All commands are Telegram messages sent in any thread the bot can see (or DM the bot).

CommandDescription
/respin <storyId>Respin reviewer comments immediately (bypasses the 10-min debounce).
/requeue <storyId>Revive a failed story from the stage it died at, with a fresh retry budget.
/restart <storyId> <stage>Re-run from an arbitrary pipeline stage (e.g., /restart 4042 plan). Valid stages: think, plan, build, review, test, ship, reflect.
/cancel <storyId>Kill the active run. Marks it failed. Cancelled runs are excluded from auto-escape.
/history <storyId>Last 30 events of the story's latest run.
/vetomerge <storyId>Block an in-progress auto-merge (send before the cooldown expires).

Auto-escape

When a pre-Ship stage fails, the daemon automatically requeues the story up to 2 times before requiring operator intervention. Auto-escape counts are per story across all runs.

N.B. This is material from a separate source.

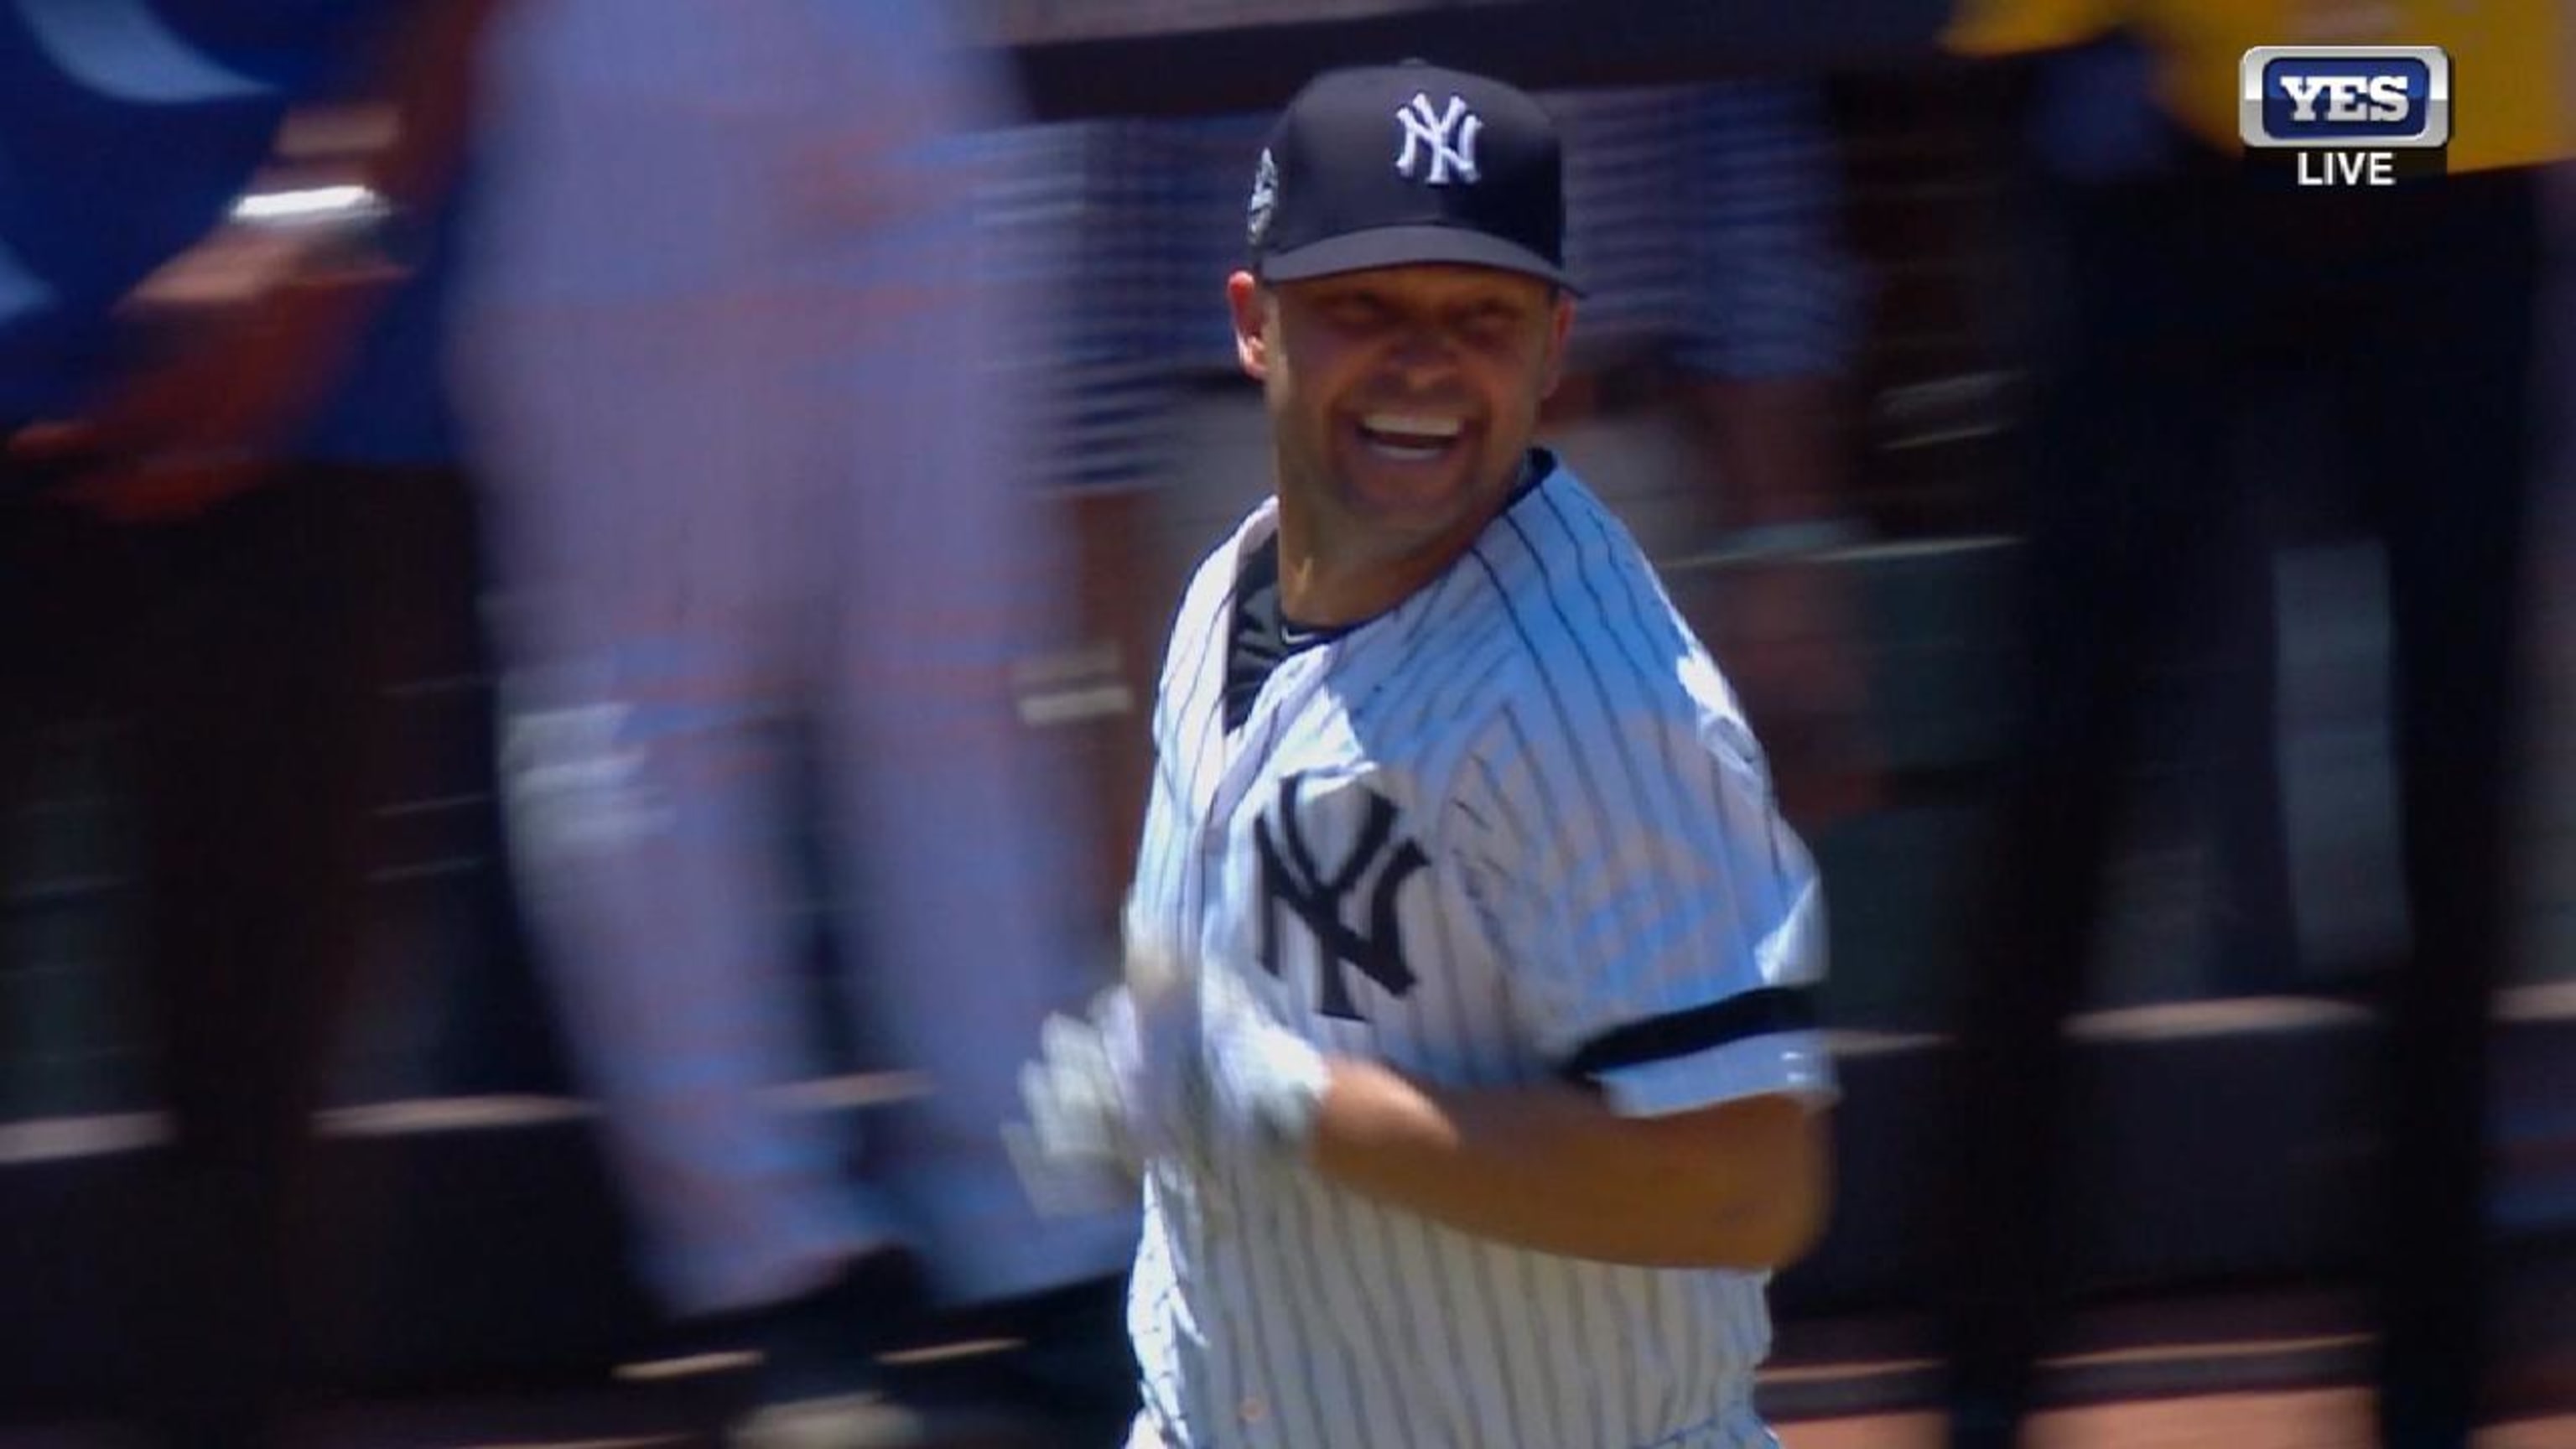 Nick Swisher blasted a second-deck homer in the Old-Timers' Day

At the cap, the run is marked needs_review and you receive a single Telegram notification. Use /requeue or /restart to resume, or /cancel to abandon.


Approving / reviewing the PR

The PR was opened by the agent; code review and merge are still human decisions. Review the diff in ADO (or GitHub) as you normally would. The agent's QA evidence (Critic findings, Inspector results) is in the PR description.

If you want the agent to address your review comments: leave them on the PR, then optionally use /respin <storyId> to trigger the respin immediately rather than waiting for the auto-respin debounce.

Auto-merge

Auto-merge is opt-in and off by default. See Concepts — Auto-merge and Configure — auto_merge.

Internal Veloxcore tool — not a public product.